101 Inverness Drive East, Suite 130
Englewood, Colorado 80112


Abstract

Merger and acquisition (M&A) activity in the utility market space is creating new challenges for geo-spatial systems managers and their new combined organizations. Making adjustments to meet these challenges threatens the status quo, and often evokes an emotional response and stiff resistance. So much so, that a rational approach is needed to sort out the challenges of having multiple, often conflicting geo-spatial technologies in the new organization. We will outline a tested methodology used to identify viable go-forward alternatives, gather key decision support information, and develop a business case structure to objectively select the best enterprise geospatial alternative.
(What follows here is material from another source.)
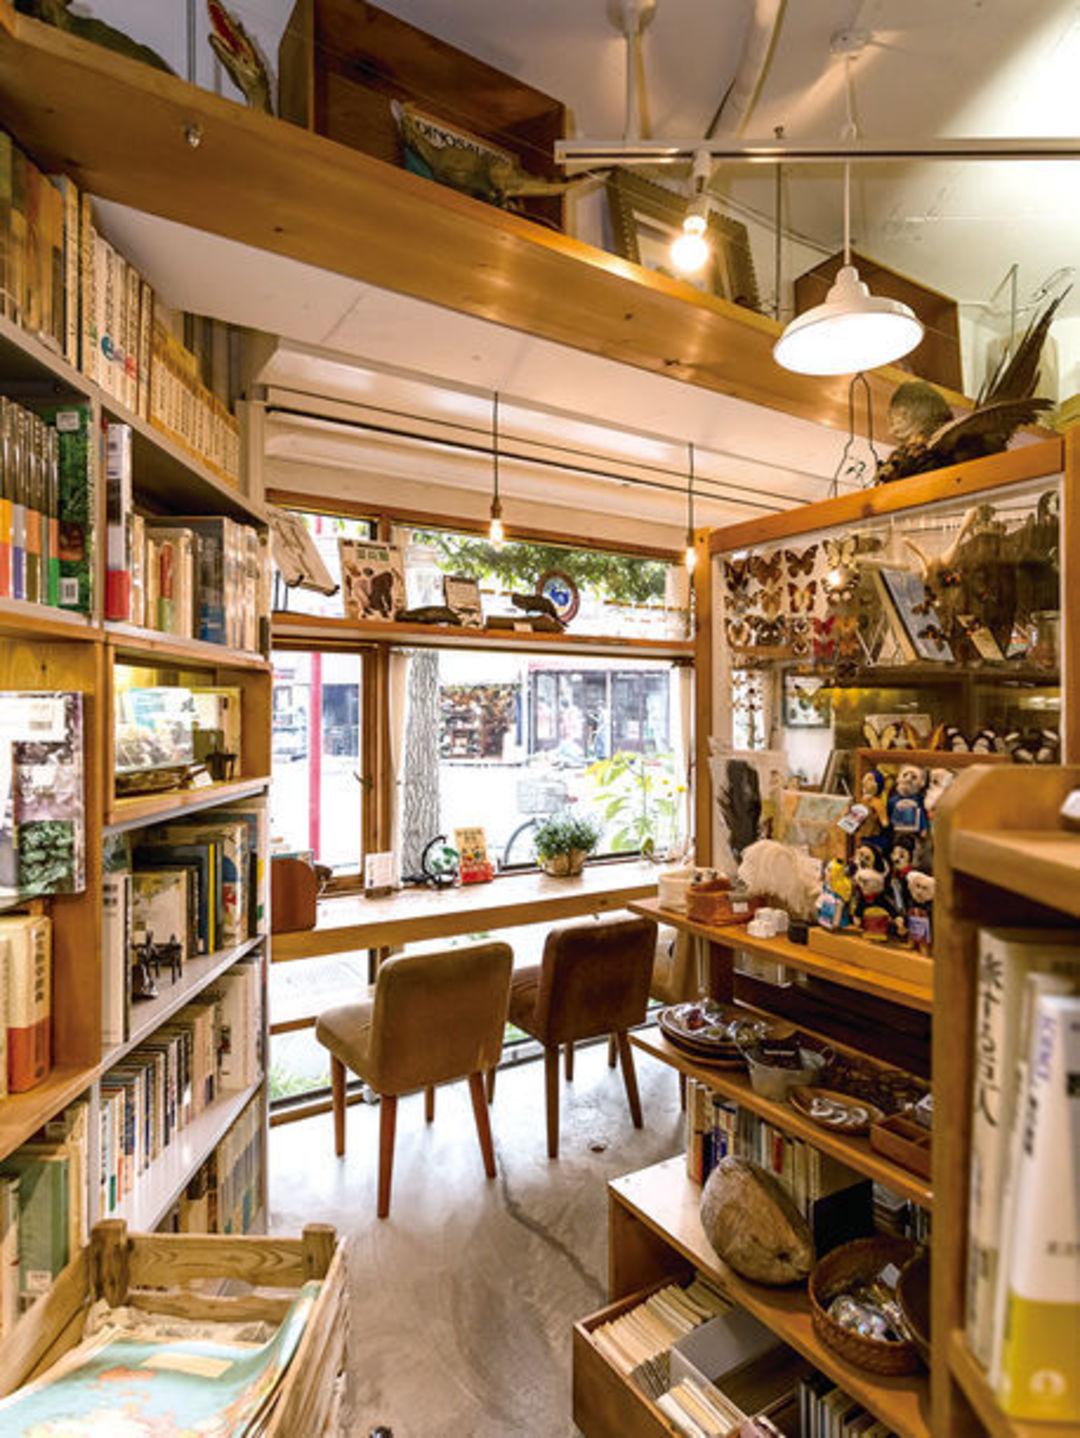 去东京,别错过这个像达尔文研究室一样的书店_设计_好奇心日报

This approach takes most of the emotion out of the decision process and builds wide support in the enterprise for the selected alternative.

Introduction

When in the muddle of multiple systems, how does the new enterprise achieve the effectiveness and efficiency promised in the heat of the merger? Too often, it appears, operations management systems such as Geographic Information (GIS), Outage Management (OMS), Work Management (WMS), and Mobile Data/Field Force Management (MD/FFM) are overlooked in merger planning. These systems are often viewed as department level, limited scope systems, that perform specific operational support activities used by a relatively few employees.

In fact these systems, when deployed appropriately, have the potential to significantly impact the effective operation of the merged utilities across the entire enterprise. Now, the challenge is to identify what combination of existing or available systems will provide the best return to the merged enterprise.

In this paper we are going to concentrate on GIS solutions. This approach however, will work equally well when analyzing any of the operations management systems present within the merged utility.

The Problem

As a result of a merger or acquisition, two or more geo-spatial systems are deployed across segments of the new enterprise. Each system has a set of advocates familiar with its functions and with biases toward extending its implementation into the new larger enterprise. Additionally, the systems may be in dissimilar stages of implementation, providing differing functionality.

Further, the level of integration between one geo-spatial system and its related enterprise systems may be greater than that of the other(s). Significant capital investments have been made in each system, and one or more of the systems may have significant depreciation write-down remaining. Finally, significant investments have been made in employee training and interface development to link the geo-spatial system to other operational and corporate systems.

Simply stated, the problem encompasses complex and costly components, personal preferences and embedded processes, significant enterprise financial and tax consequences, and major change management or operational readiness issues.